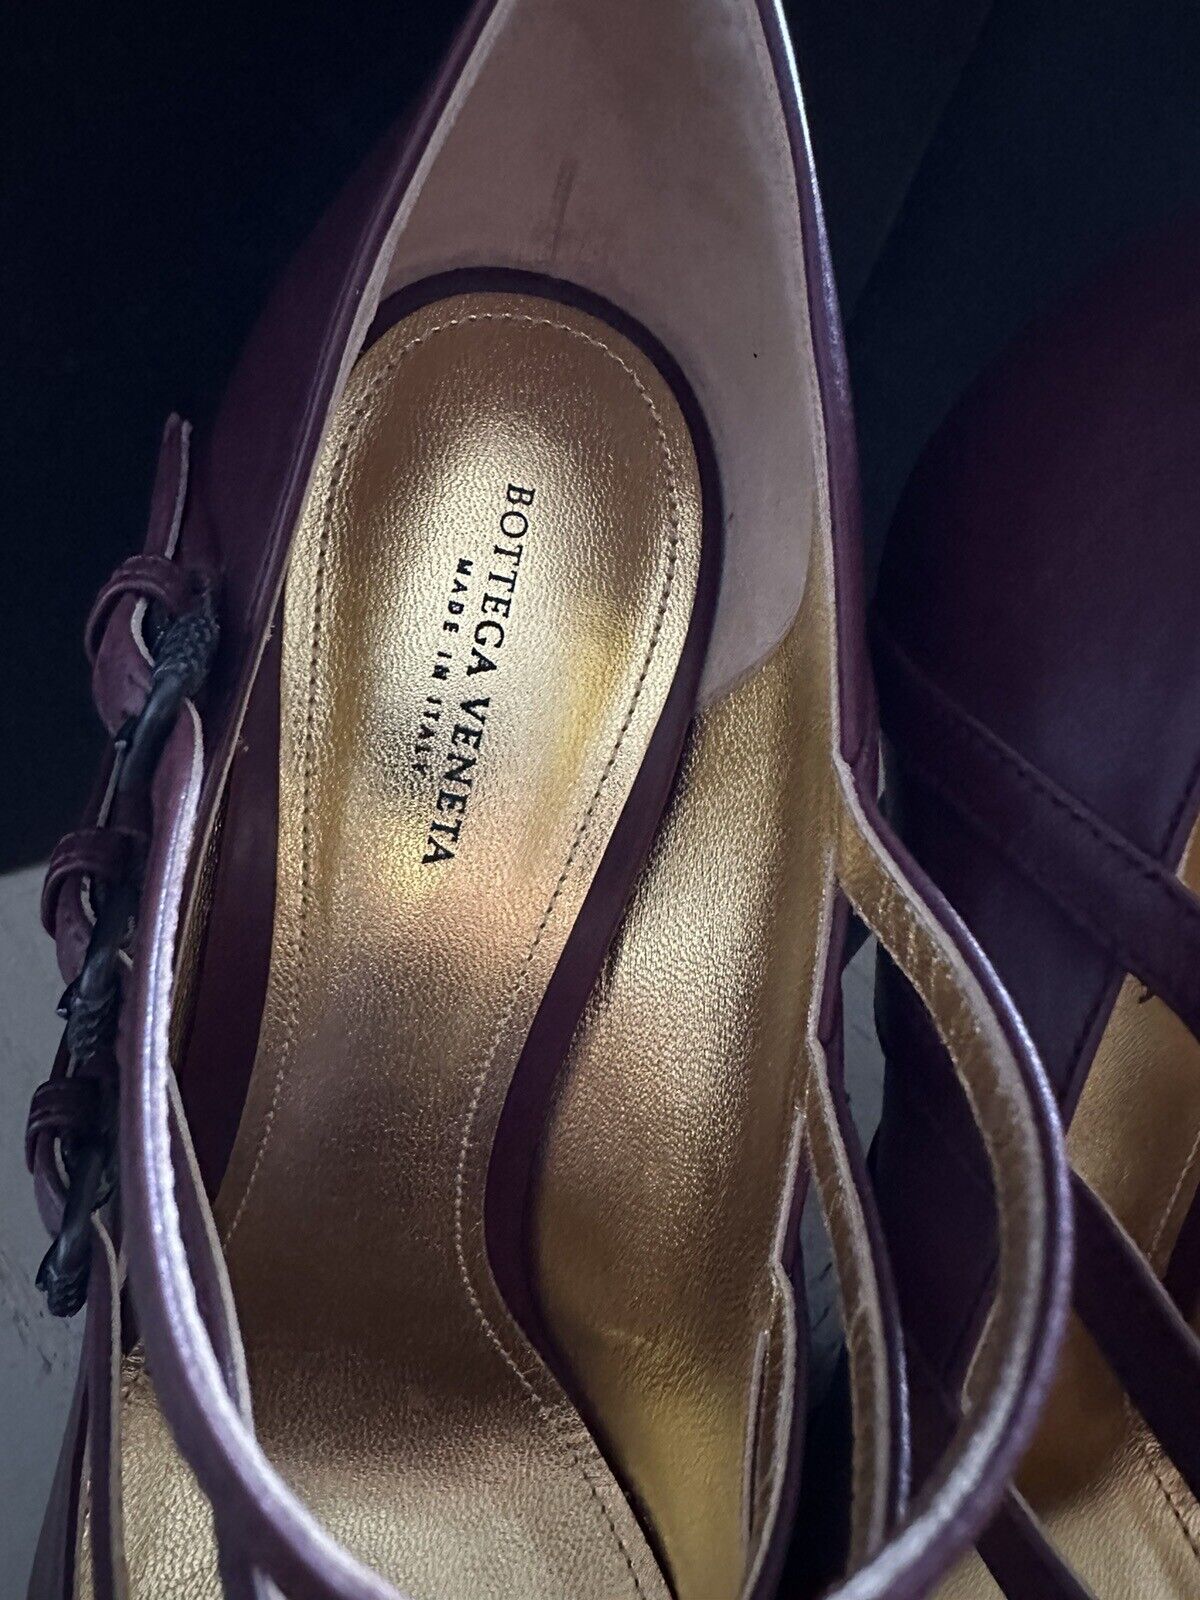 NIB $749 Bottega Veneta Women’s Leather Shoes Burgundy 8.5 US/38.5 Eu
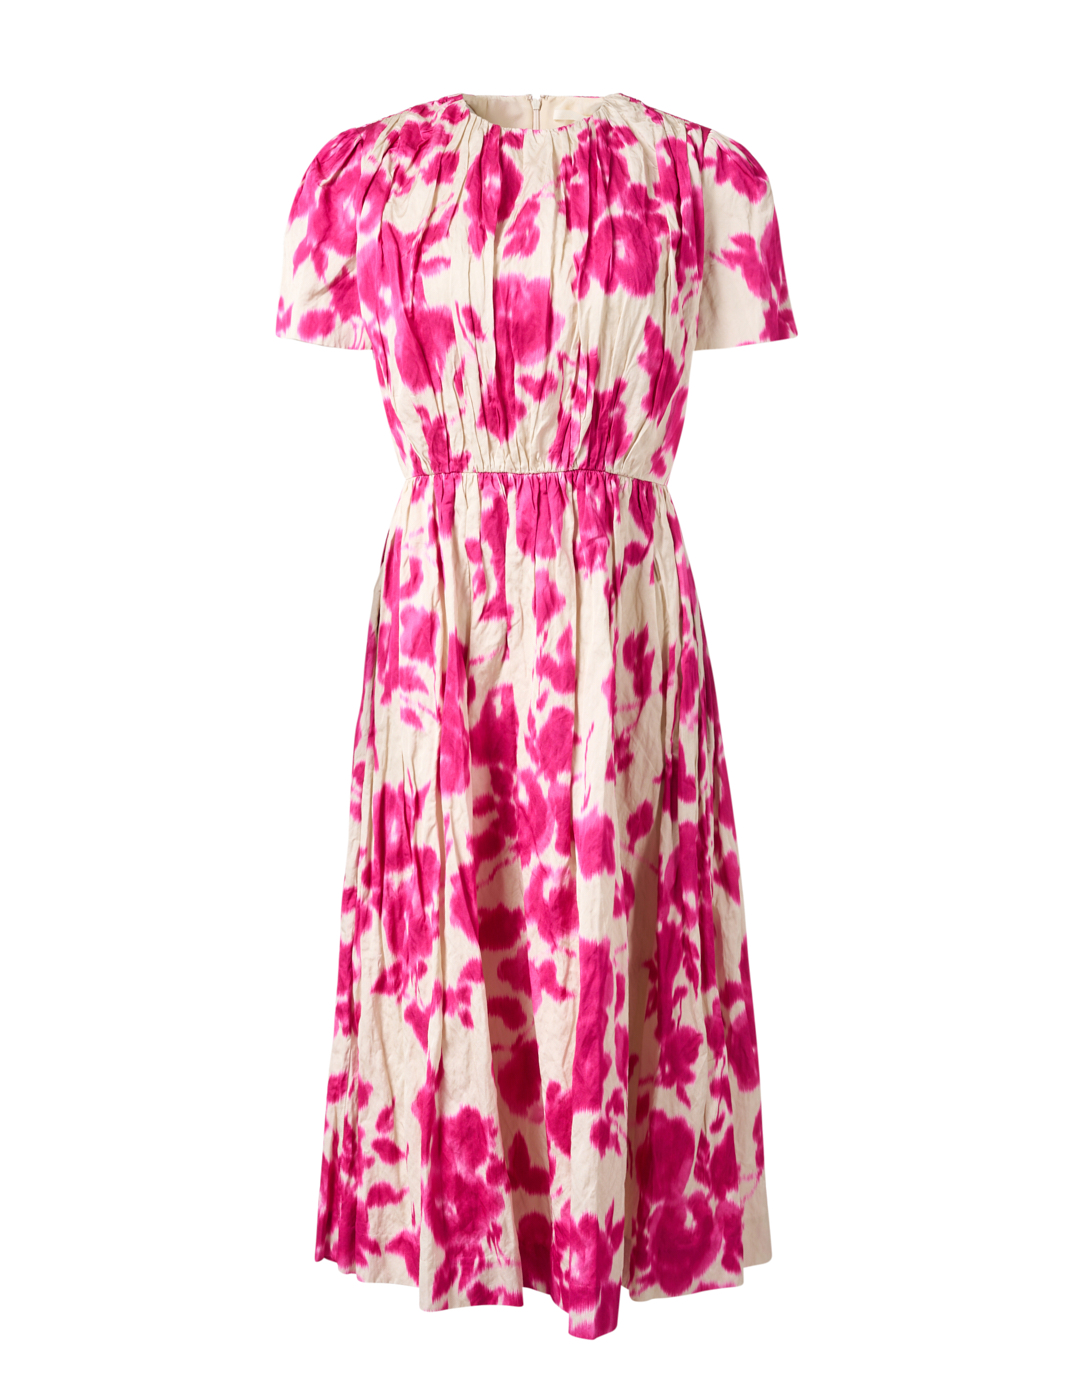 Pink and Cream Print Dress | Jason Wu Collection
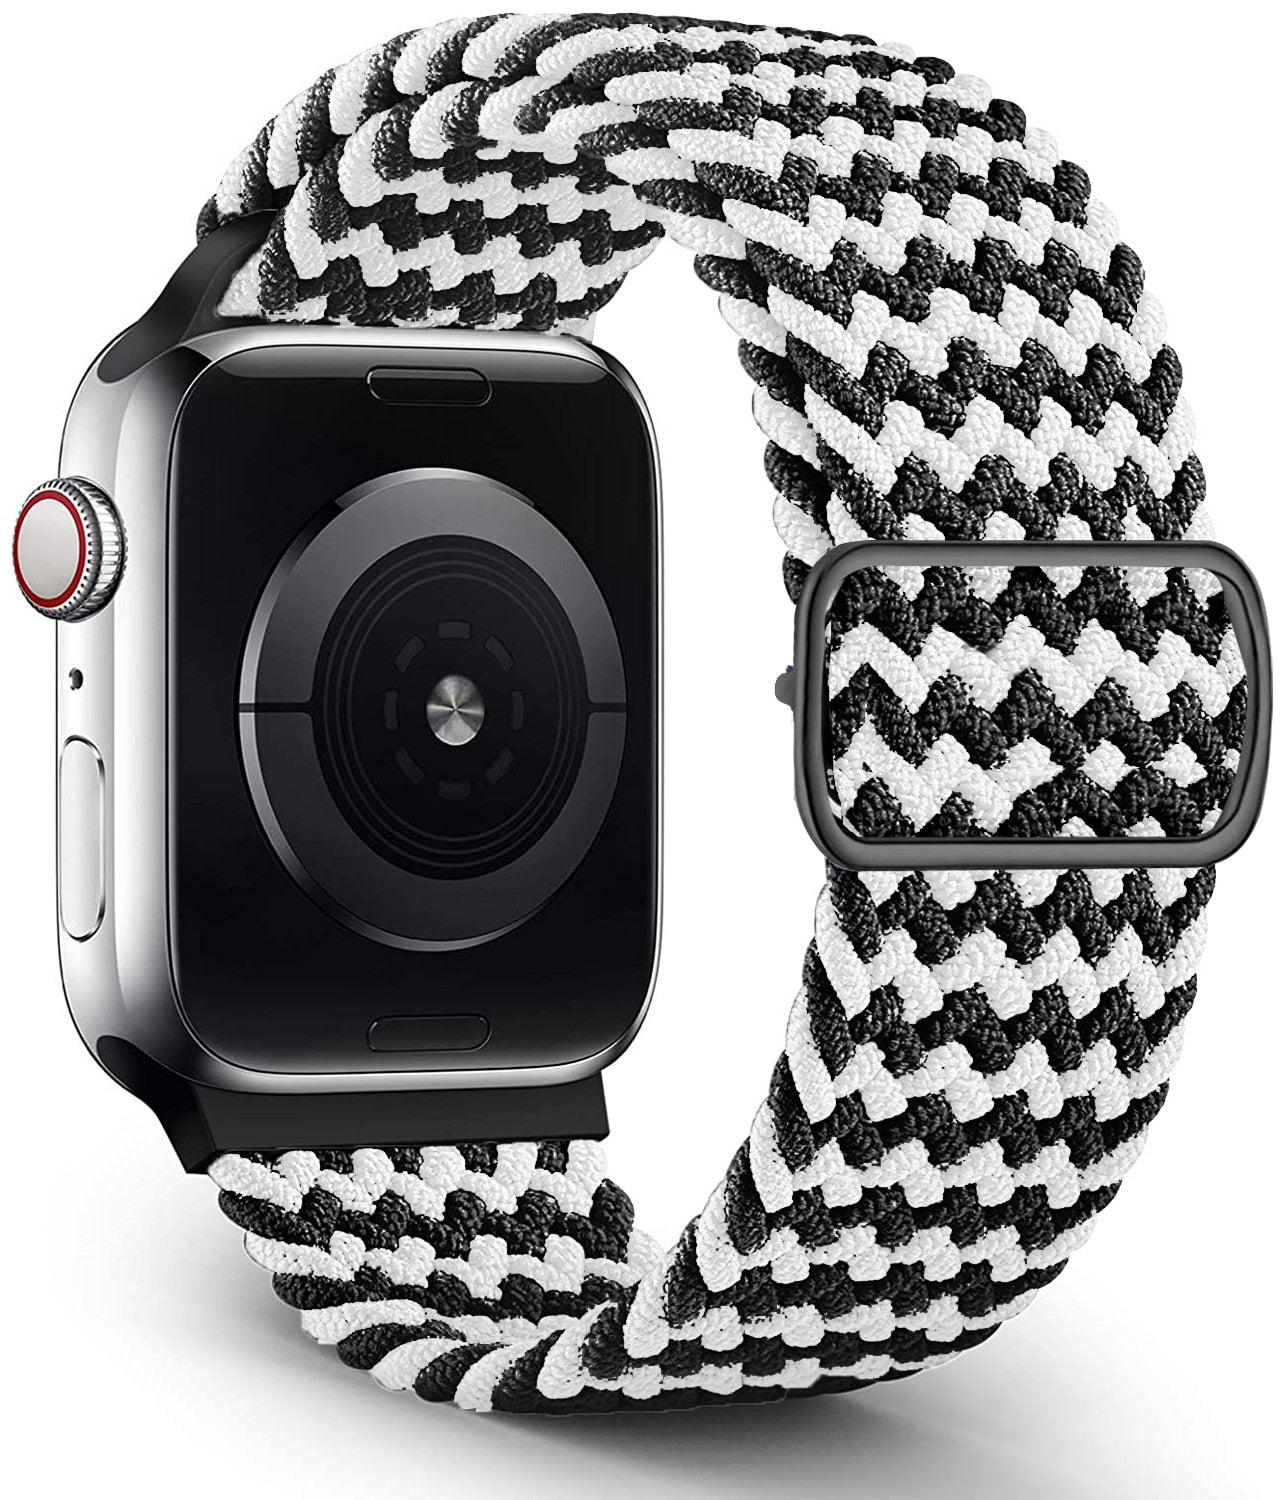 Peak Braided Nylon Watchband For Apple Watch

**WORK INSTRUCTIONS:** Return the material exactly as written, except for any pictures it holds.

**RESULT FOR THIS EXERCISE:**
 NIB $749 Bottega Veneta Women’s Leather Shoes Burgundy 8.5 US/38.5 Eu
 Pink and Cream Print Dress | Jason Wu Collection
 Peak Braided Nylon Watchband For Apple Watch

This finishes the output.